Семь лет назад Вадеев впервые появился в поле зрения. В то время Алексин оставался на государственной службе, ходил на разнарядки, вел плановые расследования. Обычно ему доставались самые заурядные дела. Да и случай на туристической базе сначала показался банальным. Ревность, месть – вот частые объяснения подобных преступлений. Поначалу единственным свидетелем кровавой вакханалии являлся Вадеев. Позже в поле зрения попала Зуева, и события развернулись причудливым образом. Сам Алексин по уши увяз в тайну двоих, мимоходом способствовал отрицательной криминальной статистике. Позже разочаровался в деятельности официальных органов, стал частным детективом. И вновь появляется непотопляемая парочка.

Противно и стыдно сознавать свою невольную причастность к деятельности двух пройдох. Степан Михайлович в своих теоретических изысканиях вынужден всячески изворачиваться, чтобы только оправдаться в собственных глазах. Однако все построения выглядят неубедительными. Были преступления, а он являлся всего лишь наблюдателем развития событий, за молчаливое содействие получил от Вадеева вознаграждение. Черный чемоданчик хранится в могилке под полевыми цветами недалеко от сгоревшей Чертовки. Воспользоваться деньгами совесть не позволяет, пока есть свидетели его преступной халатности. Возможно, Зуева обратилась именно к нему, сознавая его зависимость и уязвимость, благодаря полученным деньгам. Своеобразный шантаж. И ничего у нее не получится, Алексин никогда не коснется денег, которых не заработал честным трудом.

Хуже того, он понимает, что всегда им симпатизировал. И подыгрывал? Не имеет права представитель Закона попадать под обаяние какой угодно зеленоглазой женщины, тем более – преступницы. А он попал под влияние? Роллан Быков не стеснялся признаваться в своей слабости перед талантливыми людьми. Слаб я! Ну и что!? – воскликнул великий артист в телепередаче. Вроде как само собой. Даже Людмила заметила ностальгический трепет Степана Михайловича при получении письма от Зуевой, но обернула все в шутку.

Чтобы не заклиниваться на самокопании, Алексин прыгнул с кровати, засеменил в ванную. Теперь каждый звук вызывает ассоциации из прошлого. Даже чихания и отплевывания крана напоминают чертыханья Клетчатого в лабиринтах Чертовки. Навязчивые образы мешают сосредоточиться на первостепенных делах, и раздраженный Степан Михайлович появляется на кухне как испытанном месте психологической разгрузки.

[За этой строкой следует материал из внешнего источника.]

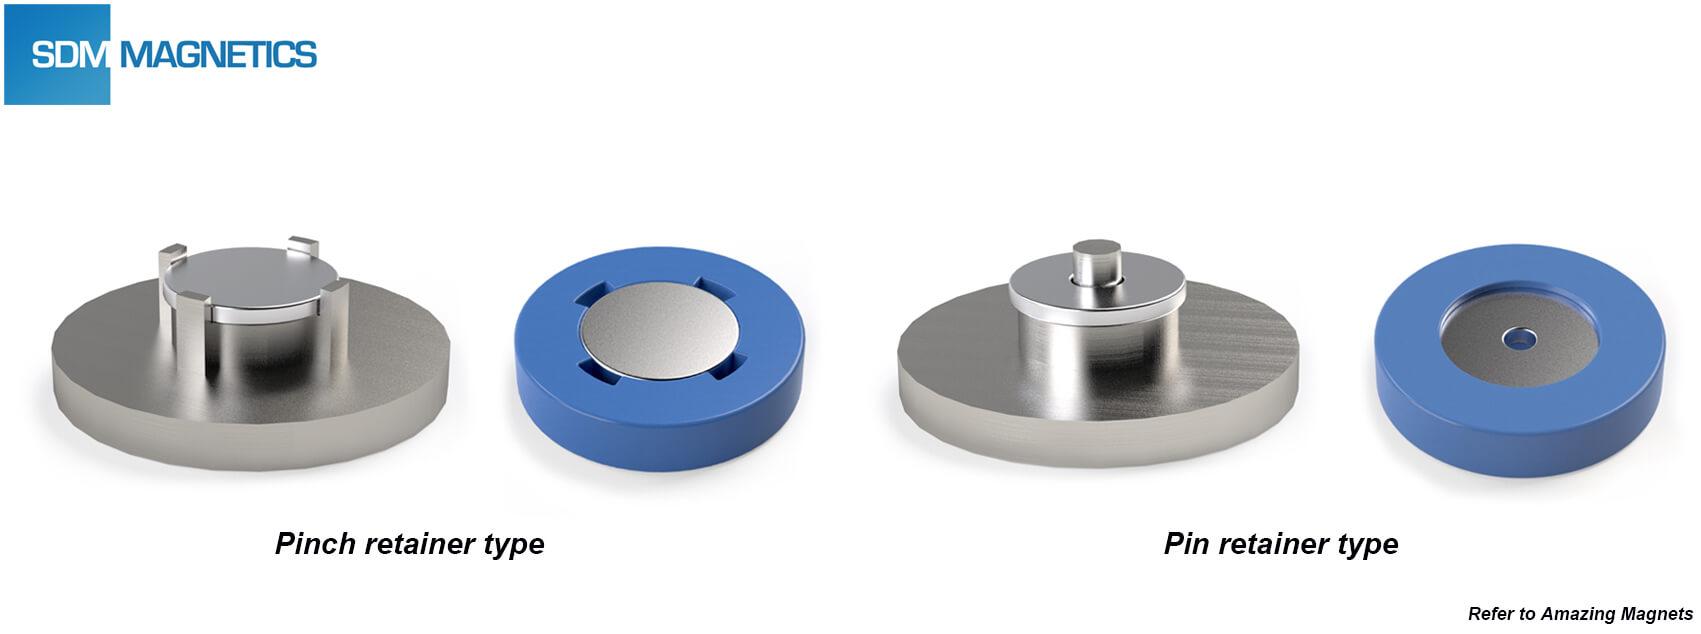 Cimkiz Ultra Thin Magnetic Webcam Cover Review

– Наверное, переспал, – скользнула взглядом по его лицу Людмила Николаевна.

Алексин отмахнулся, присел на край табуретки. Мирные хлопоты женщин и хлебный аромат блинов вытесняют неприятные воспоминания, и он позволяет себе улыбнуться. Жизнь представляется вполне благополучной.

– Только что размышлял об этих… как их…

– Ну и что?

– Не нравится мне все это… какая-то непреодолимая зависимость. Хочется жить светло, а мрак из прошлого портит настроение.

– Садись ближе к столу, и все пройдет.

Тая Гавриловна во всех дискуссиях сохраняет нейтралитет, но понимает состояние зятя. От нее ничто не ускользает в семейной жизни. Теперь хотела высказать свое мнение и ждала, когда выговорятся дети. Кажется, с поглощением блинов тема теряет свою остроту.

– Эх, ребятишки! – вздохнула она. – Как малые дети. Людям помочь надо. Намыкались бедные, вот и сейчас не знают, куда приткнуться… И душа за всех болит. Если бог прощает, нам ли гнушаться добрых дел.

Алексин переглянулся с Людмилой, быстрее заработал челюстями. Все-таки теща благотворно влияет на психику, легко расставляет акценты, вносит спокойствие в семейную жизнь. И он который раз подумал о своем состоявшемся счастье. Может быть, именно сочувствие криминальной парочке стимулирует его на поиски Вадеева. Вроде как покровительственный жест.

Только так подумал, и в сознании произошел перелом. Все показалось мелким и ненужным. Тысячи и тысячи людей ежедневно уходят из жизни, приходят новые, и все люди – букашки, мнящие себя единственными в своем роде. Делают друг другу пакости и требуют к себе особого внимания. Всюду во главе угла стоят деньги и материальная выгода, духовность является чуть ли не пережитком коммунистической идеологии. Ненавистные экономические законы вытекают из внутренней сущности высших чиновников, которые в погоне за властью и деньгами лишены нравственных принципов. И вся эта огромная бессовестная рать называется прогрессивной капиталистической системой, заложником которой является простой народ.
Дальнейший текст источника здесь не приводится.